You will be surprised how clean plastisol comes out of screens without disturbing the emulsion if you use Xylol to remove the ink. Xylol is usually less expensive than most anything else you can use and does not disturb the emulsion even after repeated cleanings.

Vastex Company calls for Xylol to remove ink from their number screens. We have number screens cleaned exclusively with Xylol going on 4 years of use with no emulsion degradation. Paint stores and box stores like Home Depot have Xylol available in the paint department.


----------



## TYGERON (Apr 26, 2009)

Whatever you use to clean screens of residual ink from emulsion, it's recommended that harsh solvents be avoided if possible. May cause emulsion to lock and make reclaiming difficult.

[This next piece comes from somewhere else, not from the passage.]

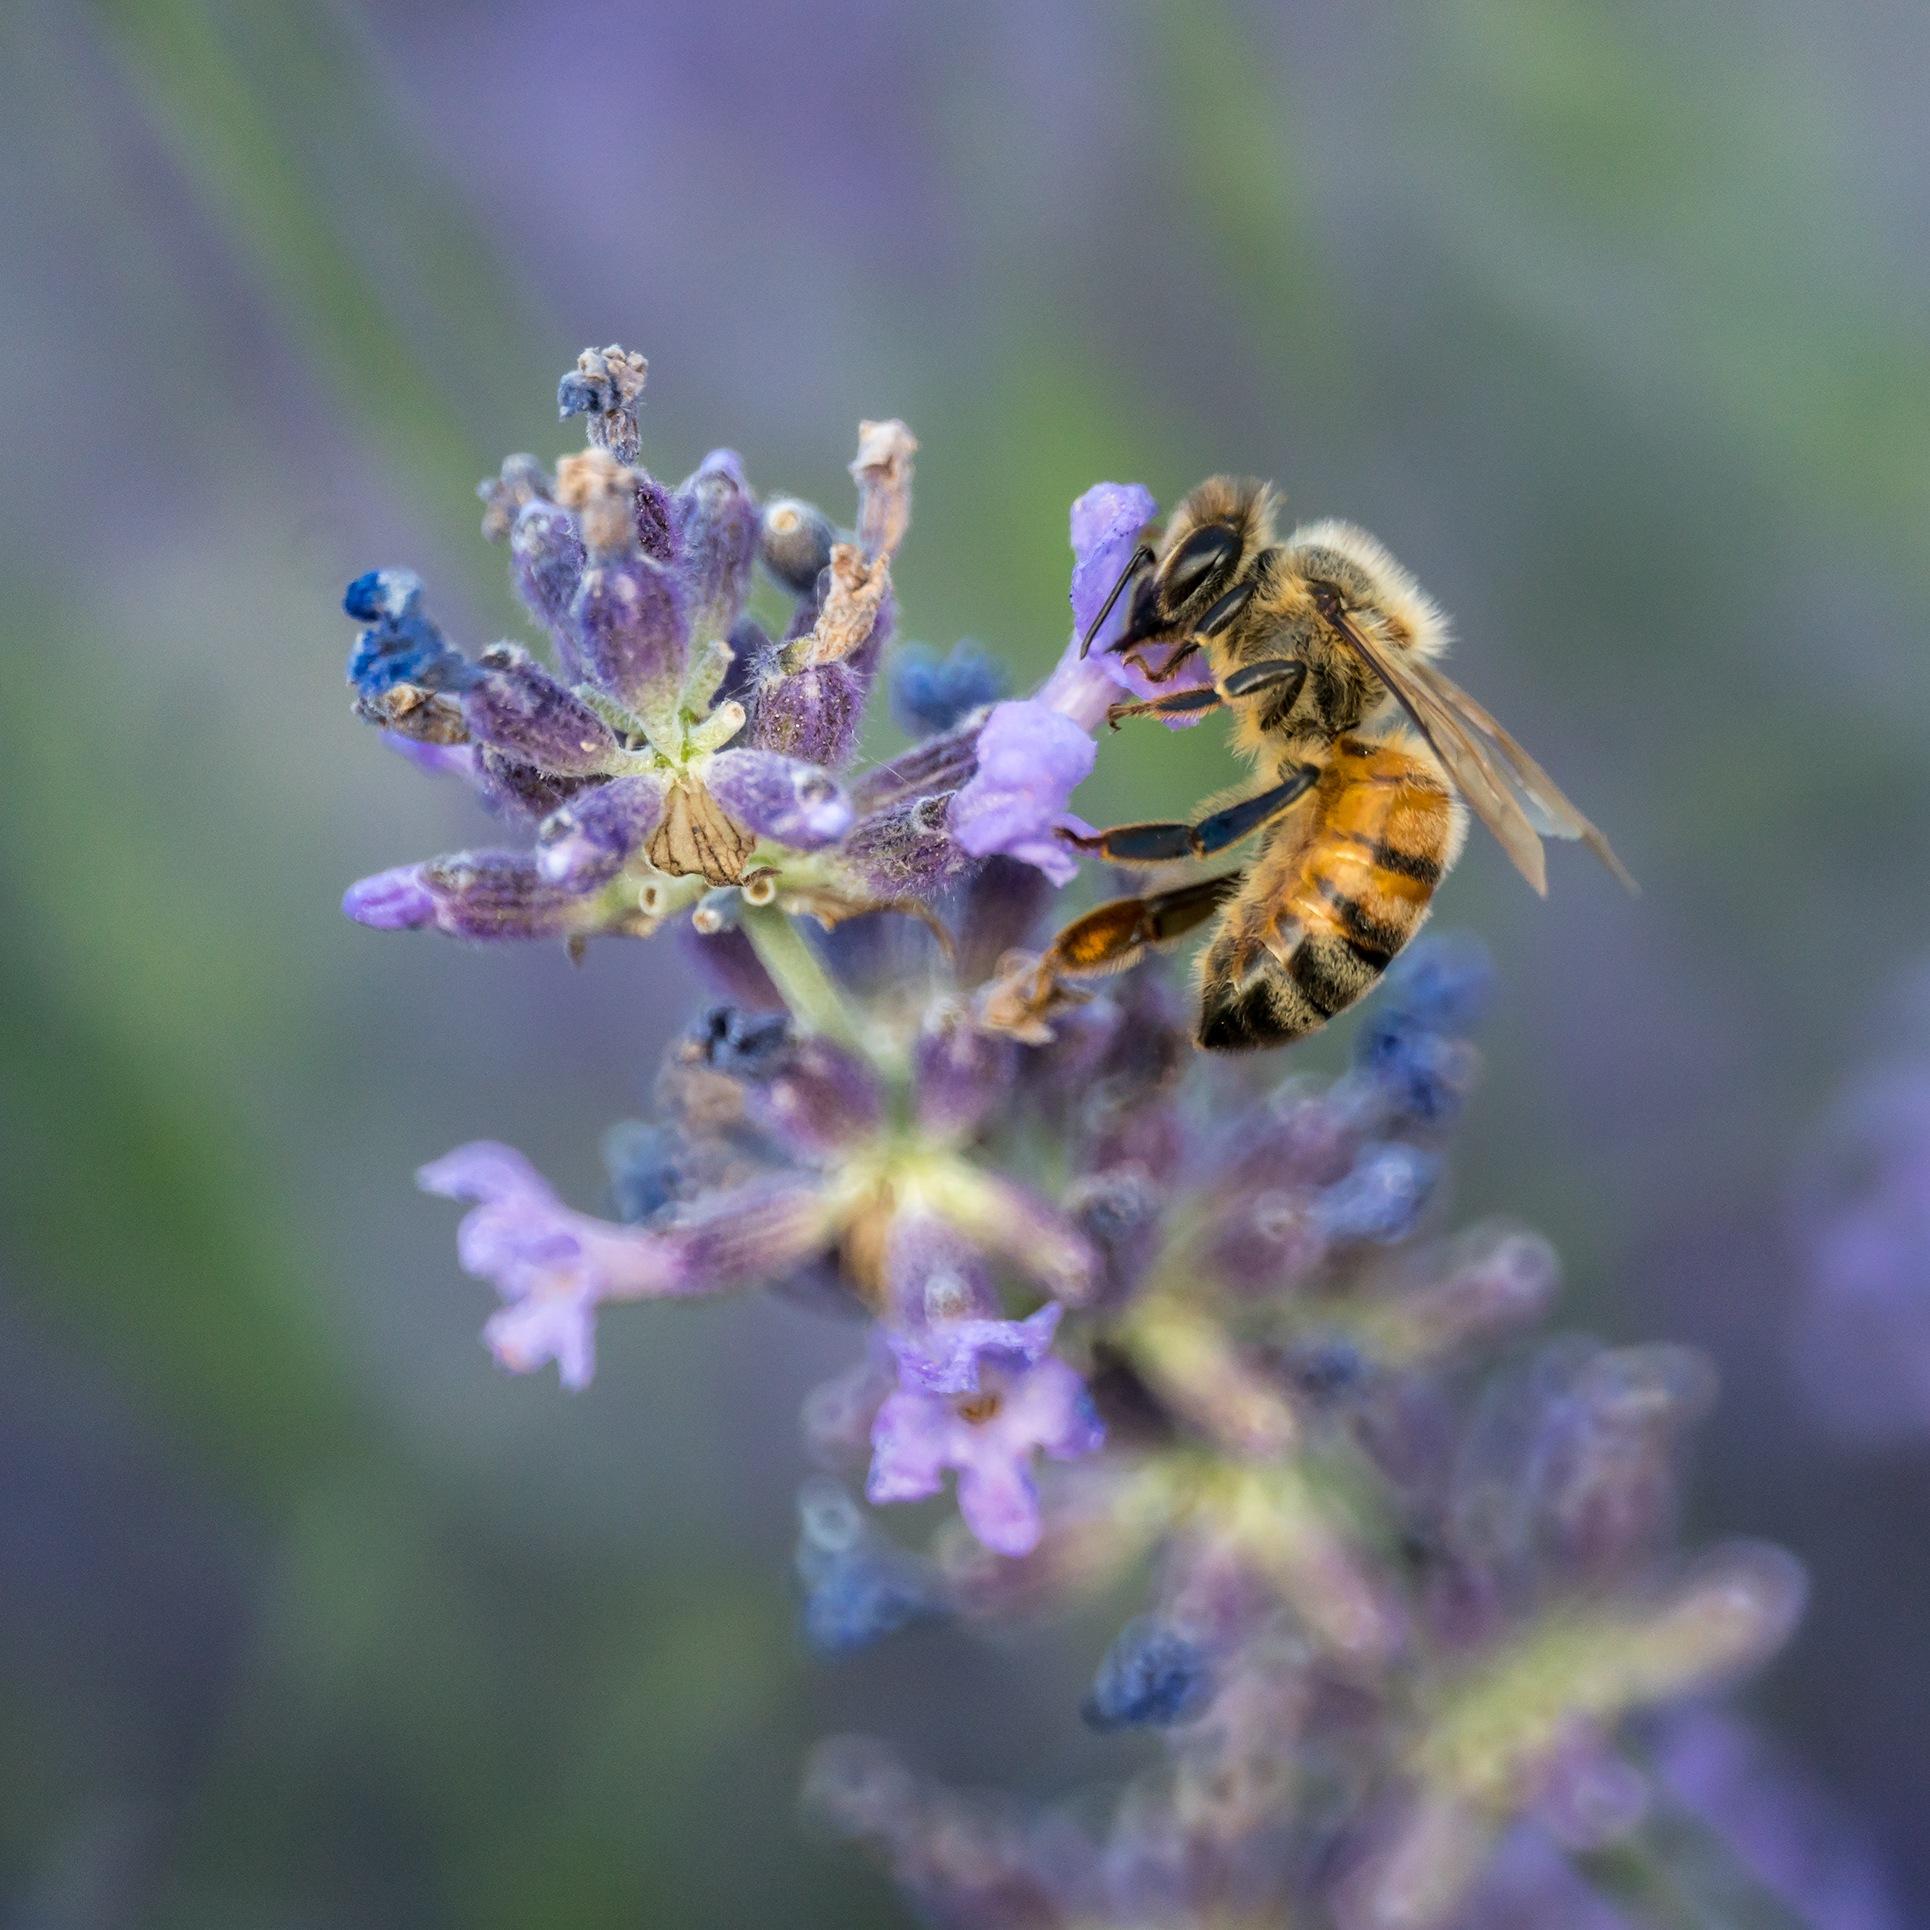 Lavender Honey Bee by Bret Little
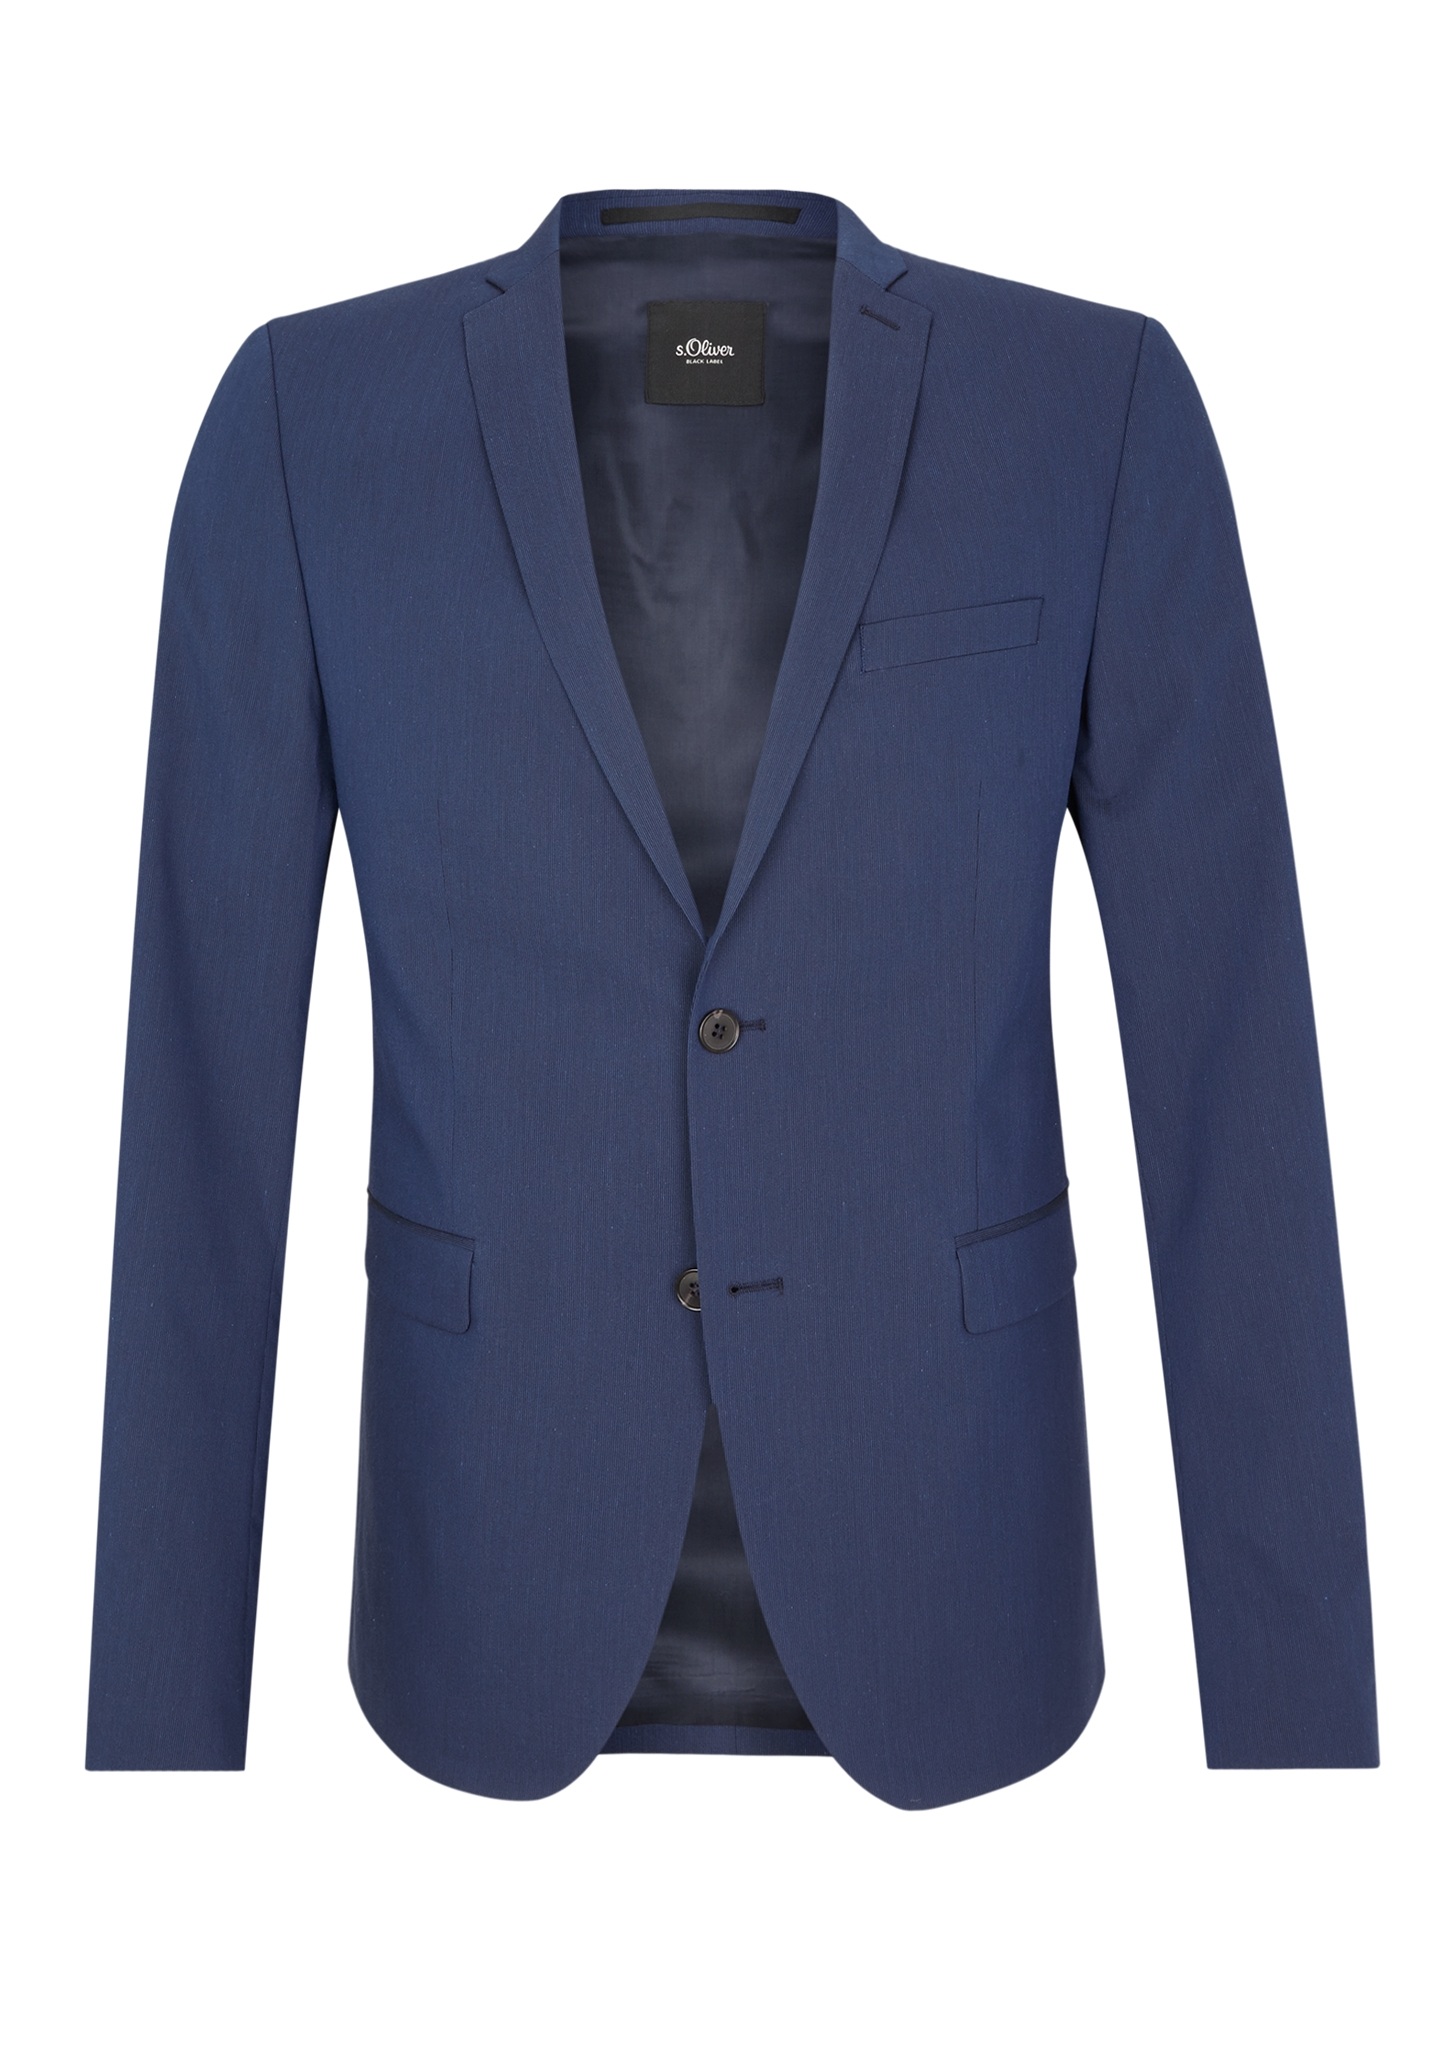 Sakko | Bekleidung > Sakkos > Sonstige Sakkos | Blau | Obermaterial 64% baumwolle -  32% polyester -  4% elasthan| futter 54% acetat -  46% viskose | s.Oliver BLACK LABEL

More so with emulsion that may be slightly underexposed.


----------



## Boxtopus (Nov 26, 2011)

chuckh said:


> Even though there is a stain, most often it will not affect your next print if you inspect the mesh and see that it is fully open. You can use a haze/ghost remover if it really bothers you. We use NazDar's "Pink Stuff" as a degreaser after ink and emulsion have been removed. It is not technically a haze remover, but if we apply to both sides and let it sit for a minute or two, we just pressure wash it out and it's almost like new.
> We have on that rare occasion used screen opener on stubborn areas that had been printed with nylon catalyst ink or air dry solvent inks. If so, it works best on a dry screen with plenty of ventilation.


I have to totally agree with Chuck. 

Gnar, it sounds like you are not degreasing your screens after removing the emulsion. We also use some pink stuff. Ours is ICC 858 Stain Remover Degreaser. After removing the emulsion, apply the degreaser to a brush, gently scrub both sides of the screen, use the pressure washer to wash out.


----------